* [WORK ITEM] Lines from the one containing "7-grocery-list-template-excel-sample-excel-templates" through the final line of the data, restated word for word and free of pictures, make up the whole answer.

* [DATA BELOW]
|---|

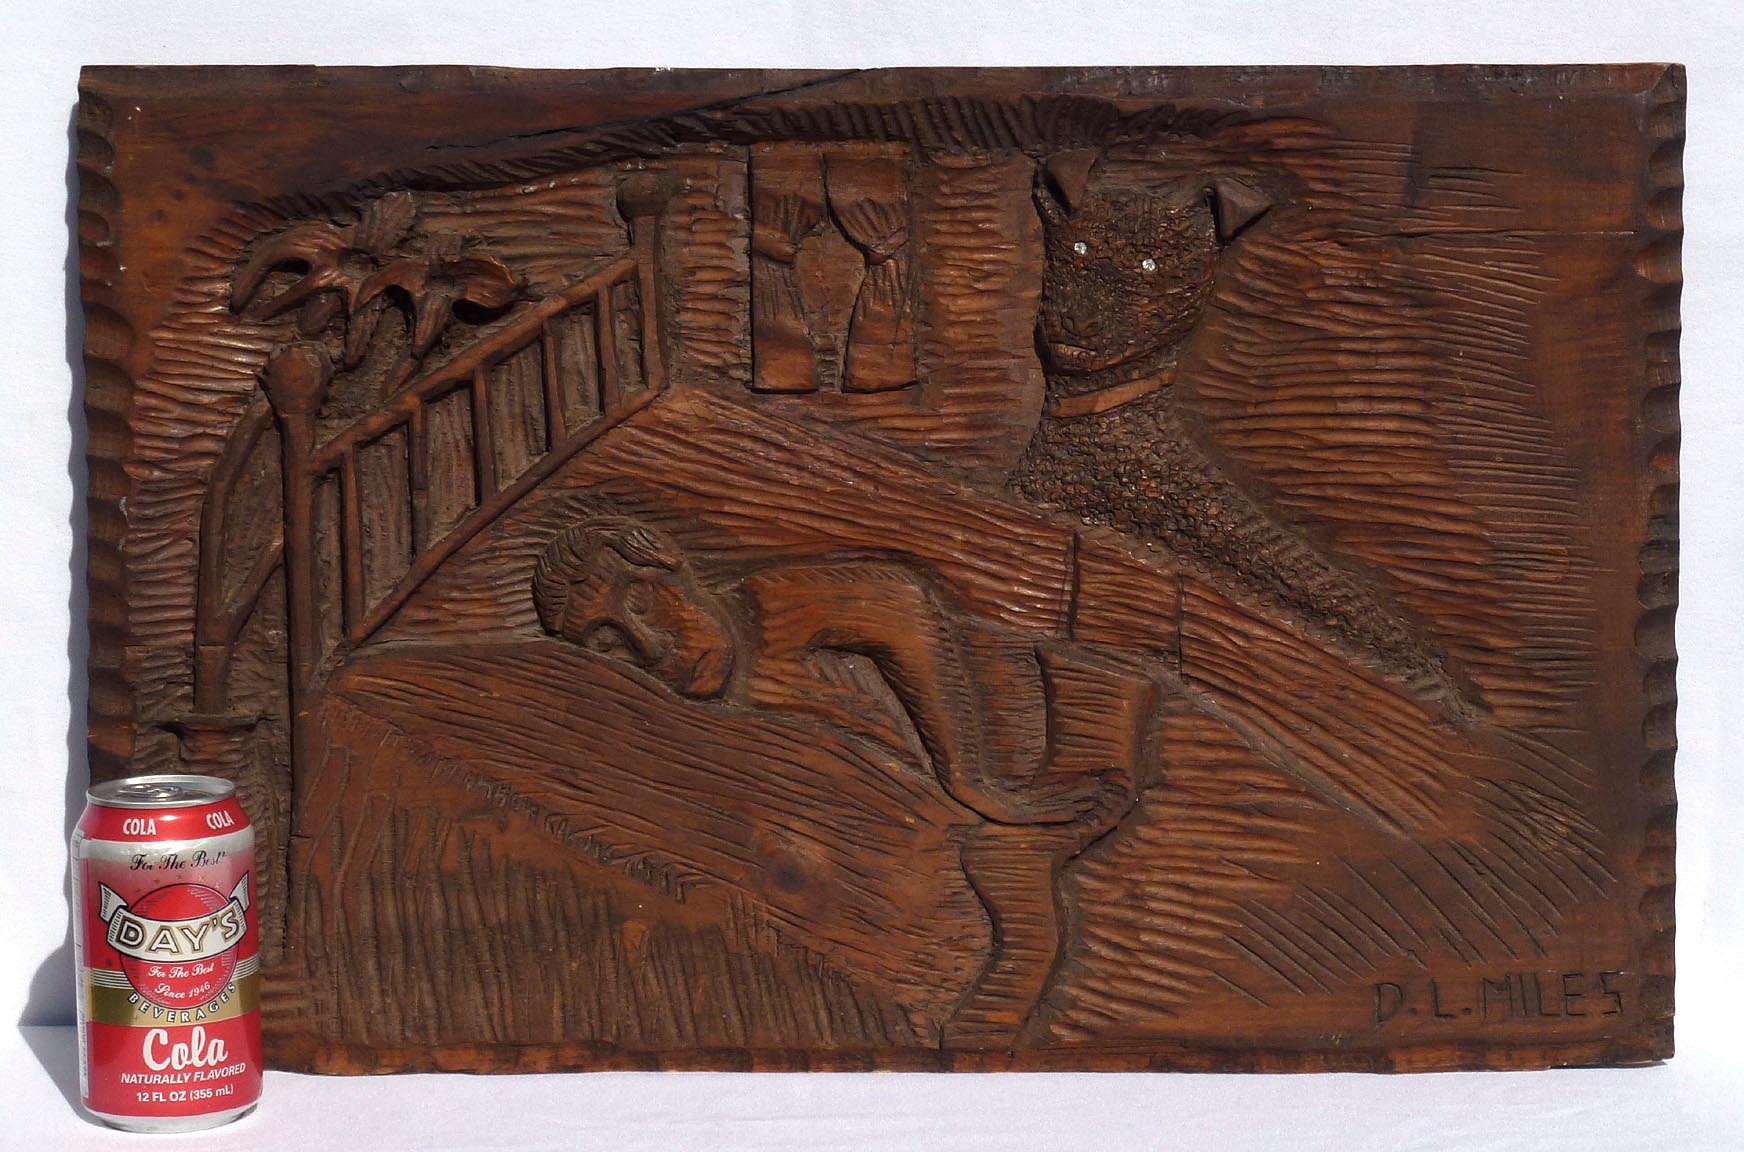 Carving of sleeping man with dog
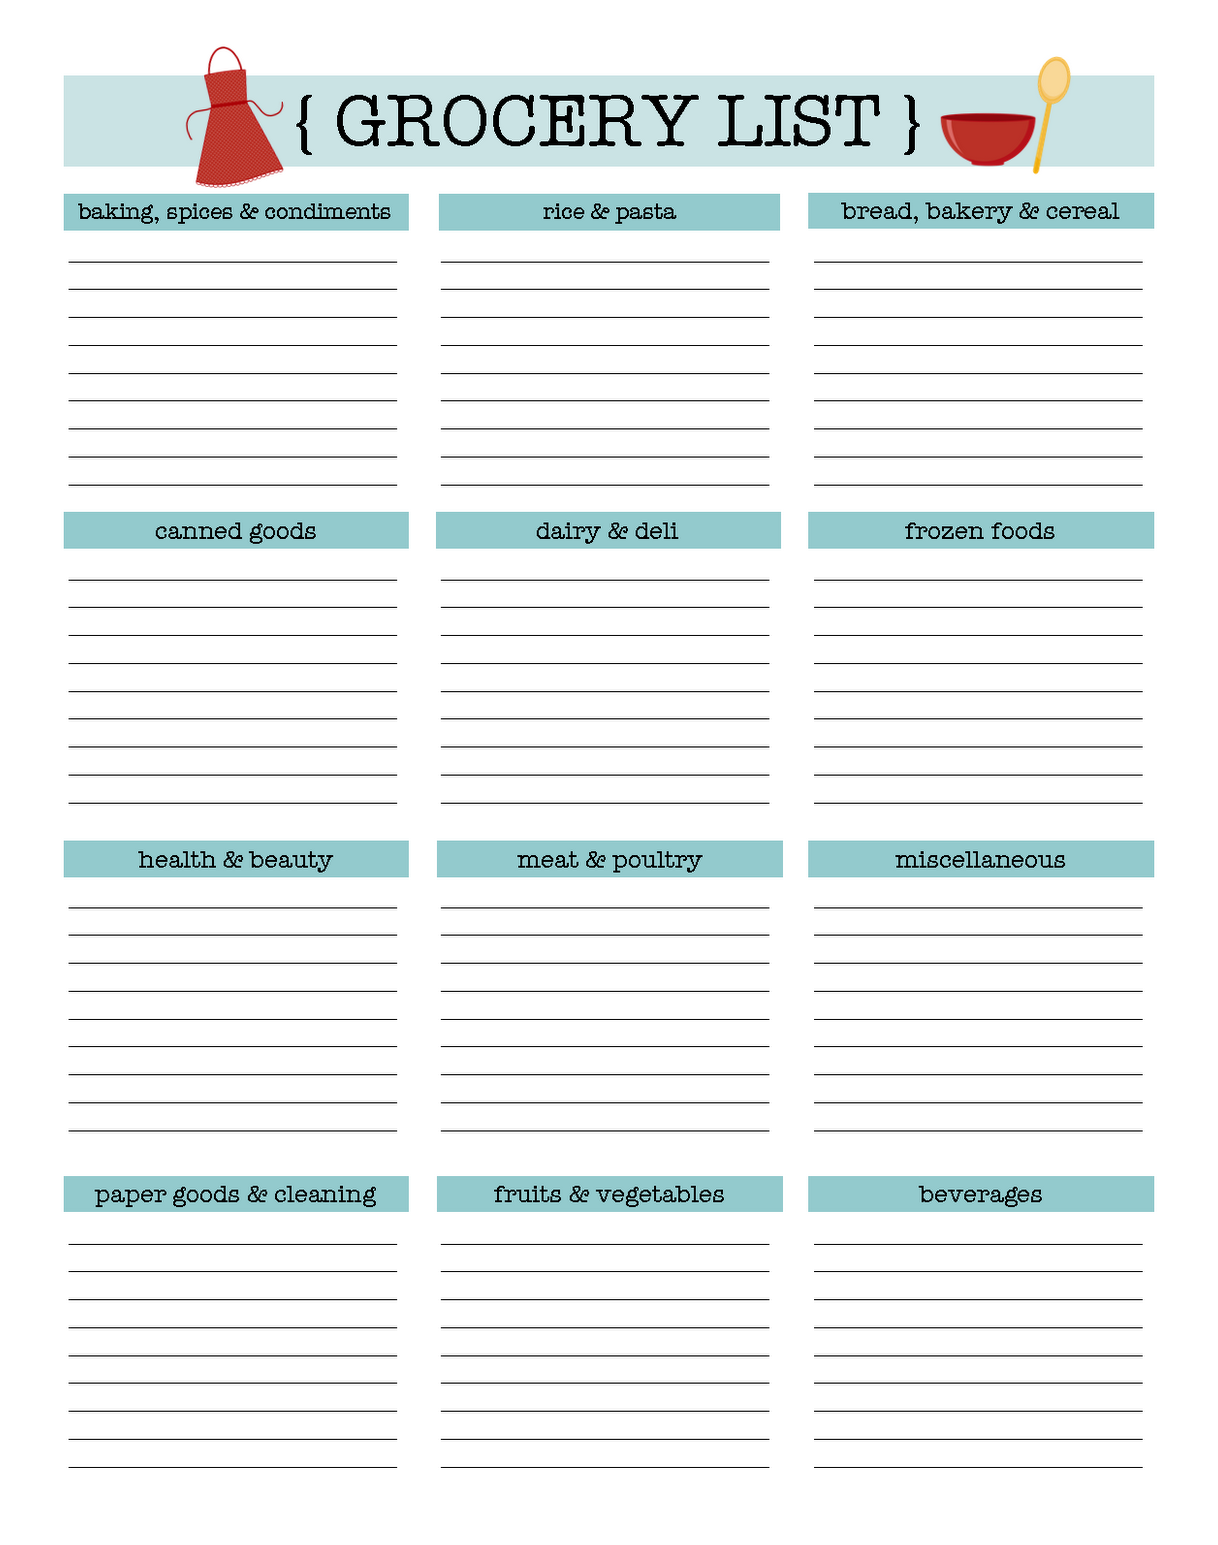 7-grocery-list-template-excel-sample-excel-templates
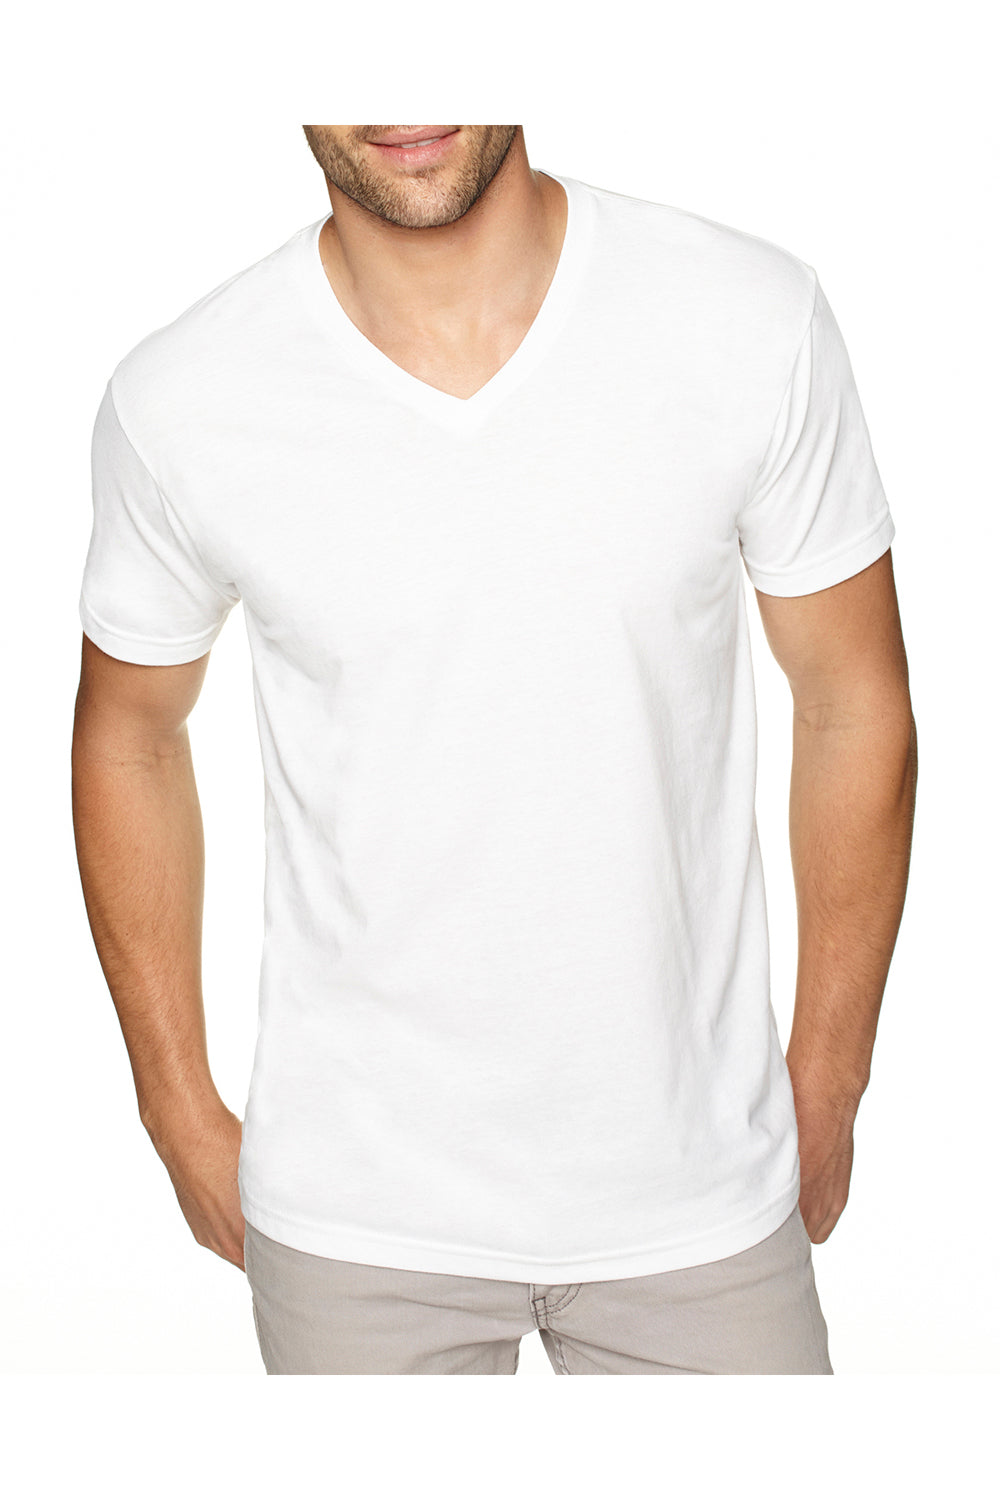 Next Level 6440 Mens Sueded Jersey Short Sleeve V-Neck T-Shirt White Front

|---|

* [EXERCISE RESPONSE]
 7-grocery-list-template-excel-sample-excel-templates
 Next Level 6440 Mens Sueded Jersey Short Sleeve V-Neck T-Shirt White Front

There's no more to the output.